Michel Déon, Le Figaro littéraire, 13 février 1997

La grande machine à décerveler

 

Comment aborder l’époque où nous vivons ? Avec l’injure à la bouche, par la caricature, en la mythifiant ou en la niant comme si on n’y rencontrait que des ectoplasmes ? Benoît Duteurtre a choisi le constat, je ne dirais pas simple et plat, mais détaché, un constat que trahit seul le titre : Drôle de temps. Oui, drôle de temps où gestes, pensées, attitudes sont conditionnés par des lois non écrites, informulables mais tout aussi puissantes et autoritaires que si elles étaient édictées par la grande machine à décerveler telle que l’imagina George Orwell dans 1984. Ce n’est pas que Duteurtre soit sans cœur et je présume même qu’il en a beaucoup devant la misère de ce monde qui débloque pour ne pas employer un verbe plus grossier. Son brillant essai, Requiem pour une avant-garde, où il se montrait si peu  » musicalement correct « , lui a valu quelques coups bas qui ne l’ont pas tous amusé, mais dans la fiction, ce n’est plus l’oreille qui le chatouille, c’est l’œil : des personnages d’aujourd’hui traversent Drôle de temps sans se demander une seconde s’ils existent réellement eux-mêmes, par eux-mêmes. C’est à la fois le comble du dérisoire, et pitoyable.

On peut regarder ce recueil de nouvelles impressionnistes comme le tableau ingénu d’une société qui a perdu les pédales. La solitude écrase les personnages de ces six saynètes, mais, loin de comprendre qu’ils barbotent dans le néant, ils croient que la vraie vie est là. Et tout concourt à les aveugler : le bruit, un langage de convention, une sexualité totalement dépourvue de sentiments et l’image qui, autant que le bruit, les traque partout où ils vont, leur interdisant le moindre retour sur soi. Drôle de temps ! Non, pas très drôle en vérité, et même plutôt sinistre pour les dernières  » âmes sensibles « .

Je ne crois pas qu’on lira  » La Plage du Havre  » sans chagrin.

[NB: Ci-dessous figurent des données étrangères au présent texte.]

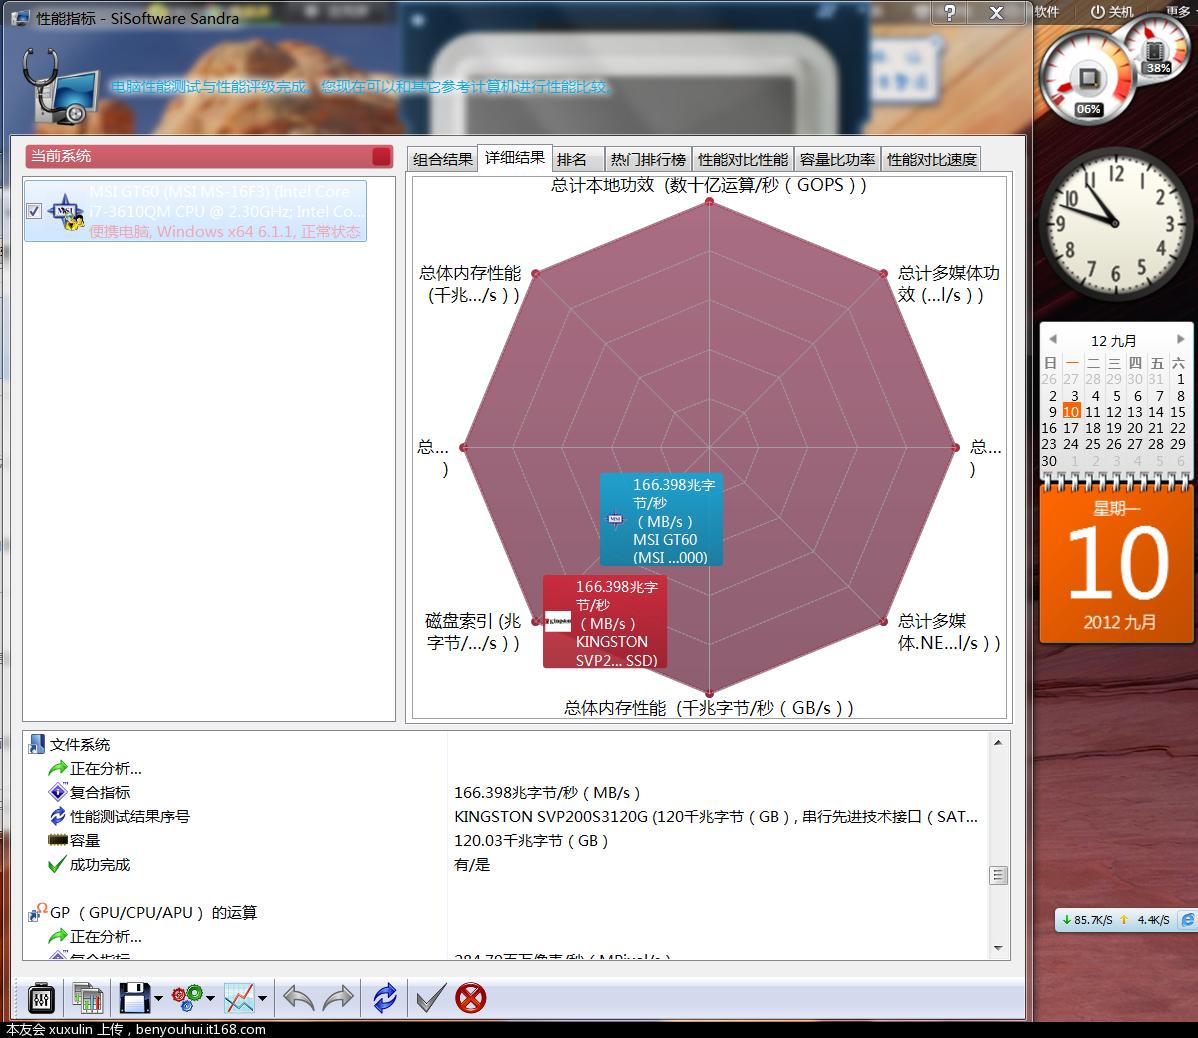 Sisoftware Sandra 截图8.PNG

Même la tardive prise de conscience du gâchis de cette plage admirable ouverte aux rêves des aventures atlantiques vient trop tard. La main de l’homme ne réparera jamais le saccage de la volonté des dieux. Alors… que s’est-il passé pour en arriver là, pour que la poésie et la grâce désertent à ce point les relations entre hommes et femmes, entre hommes et hommes puisque, aussi bien, Duteurtre y tient, sans cacher ce que ces dernières relations dissimulent trop souvent de misères comme il l’a écrit dans Gaieté parisienne. Il n’y a pas de réponse, ou peut-être y en a-t-il trop pour que le mal soit curable.

Dans  » Sortie de classe « , Benoît Duteurtre peint le cruel tableau d’une signature de livres en province. L’écrivain descend dans l’arène, découvre son lecteur, mais ce n’est pas la rencontre du gladiateur et de la bête sauvage, c’est la rencontre de deux inconnus dont l’un seul, le lecteur, croit connaître l’autre. Ce face-à-face peut tourner à l’absurde. Débordé par les vedettes de télévision et les politiques qui signent leurs livres à la chaîne, l’écrivain prend la mesure de son isolement. Il lui reste la fierté de ne pas appartenir à l’économie de marché. L’écriture et l’art sont devenus objets de commerce. Il n’avait, au départ, pas vocation de calicot ou de cabotin. Entraîné dans la spirale, le créateur se révèle un toton dans les mains de son marchand. On ne sera pas toujours aussi pessimiste que Benoît Duteurtre mais son portrait d’une société en décomposition est malheureusement d’une justesse implacable. Je crains qu’il ne soit difficile d’espérer voir un jour s’adoucir son regard attristé.